Protestantism can lay no claim to the worthy, upright, laborious, and learned Catholic merchant who introduced printing into England, and chose the precincts of her finest abbey for his labors. His surviving friends shared his faith, as witness this note in a very old hand on a copy of the Fructus Temporum:
“Of your charitee pray for the soul of Mayster Wyllyam Caxton, that in hys time was a man of moche ornate and moche renommed wysdome and connyng, and decessed ful crystenly the yere of our Lord MCCCCLXXXXJ.
“Moder of Merci, shyld him fro thorribul fynd,
And bryng hym to lyff eternall that neuyr hath ynd.”[[81]]

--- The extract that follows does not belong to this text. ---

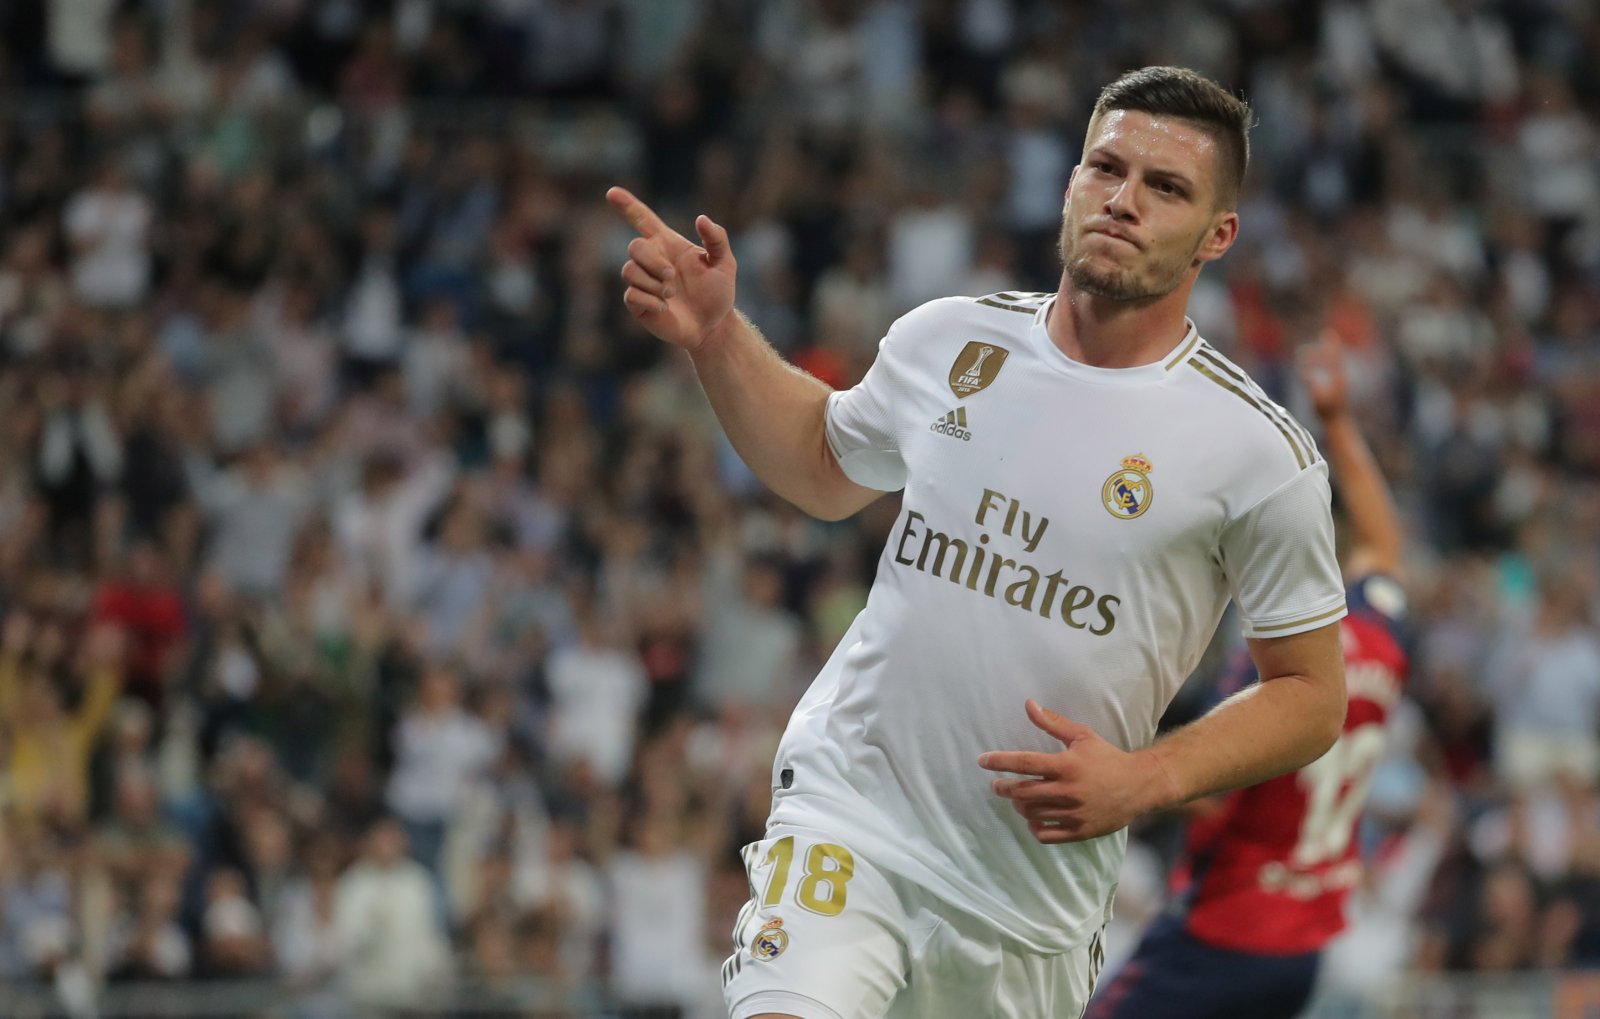 Luka Jovic reportedly accepted Zidane's decision to bench him against Levante - Bóng Đá

On the 17th of February, 1877, a meeting was held in the Jerusalem Chamber of the old Catholic abbey, not far from the presumed printing-office occupied by Caxton in the Almonry. Dean Stanley presided, and preparations were made for the exhibition. The Stationers’ Company offered their hall, but it was deemed too small, and a request was made for the Western Galleries at South Kensington. These were granted, and every facility given to arrange and display properly the works collected. One great object was to bring together and exhibit to the public as many copies as possible of works from Caxton’s press as could be obtained for the brief period from the public and private libraries, with such other books, especially of early date, as would tend to show the progress of printing from its discovery. The appeal was generously answered. No less than one hundred and ninety copies of books printed by the good Catholic William Caxton were contributed to the exhibition—a greater number, probably, than have ever been seen together since the Reformers made war on them, and greater than are at all likely to be again collected. They represented one hundred and four distinct works.
Lord Spencer sent fifty-seven Caxtons, early Block Books, a Gutenberg Bible, a Mentz Psalter; the Duke of Devonshire eighteen Caxtons; the Earl of Jersey and the Bodleian Library each seven; Sion College six, and the University of Göttingen six; Queen Victoria sent four and a Mentz Psalter.